What if we celebrated value creation and income mobility by removing the barriers preventing Americans from obtaining financial success? Some Americans are indeed stuck in the working class, though they strive to move beyond it. The rich can obtain political privilege, which we should eliminate. For example, we could improve education at the primary level through vouchers and remove subsidies to higher education, making it more affordable, accessible, and of improved quality. This would allow diversification in what higher education offers and will serve more students. Decreasing the costs of higher education would reduce the need for student loans, and privatizing federal student loans would help the most needy student get access to loans and would shrink the massive current default crisis. Hospital services cost 220% more than in 2020, outpacing the overall 74% inflation rate in the same period. These are real problems, and they hit the working class the hardest. Let’s free the healthcare market and the market for higher education. Let’s figure out a prudent solution to Social Security and Medicare, which are unfunded liabilities spiraling out of control. We can remove regulatory frequently advocated for by the wealthy because they shield them from competition. In all this, we can stand for families.

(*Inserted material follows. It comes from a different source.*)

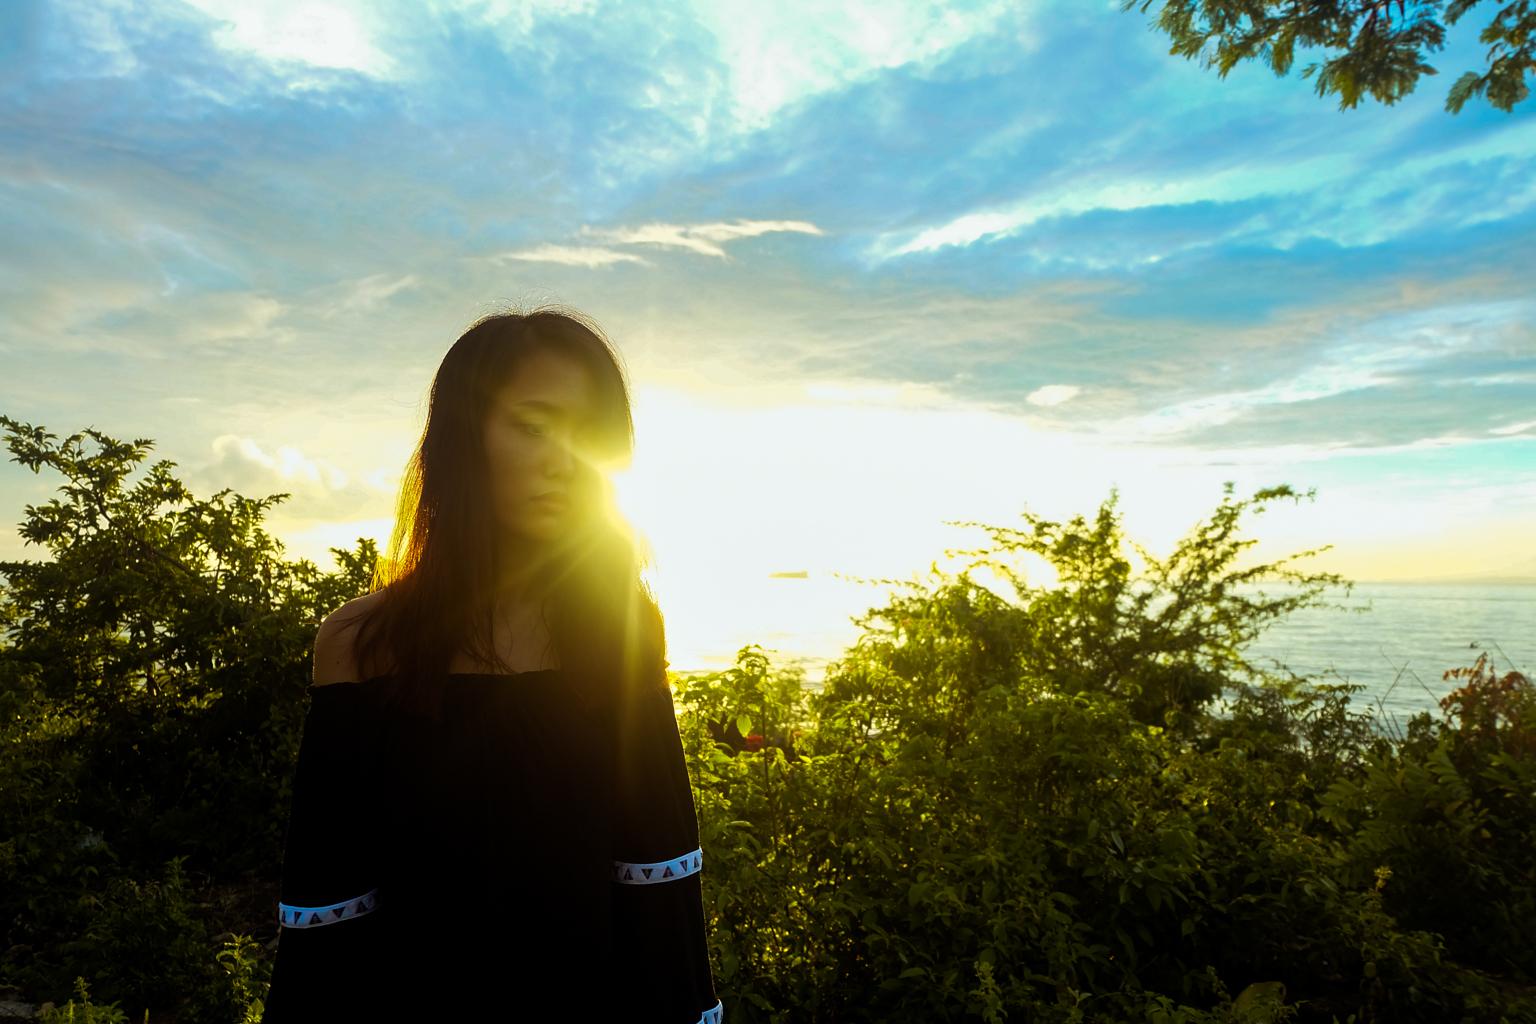 sunrise-at-bagacay-point-lighthouse-liloan-cebu-7

Vance is right to be worried about the decline of Christianity in America and the rise of “the nones,” those without any religious affiliation. He is right to worry about the elites who promise us heaven on earth, both socially and economically, even though he doesn’t see that he is an elite. But can we win culture wars through politics? If we could, should we? The victories will surely be fleeting. It seems that Michael Novak was right: we need a return to virtue, and this cannot be compelled; it must be chosen. There is a prominent role for the church to play. This is the stuff of principle, not populism, and a return to principle is what we need most. Vance does not represent a return to principle.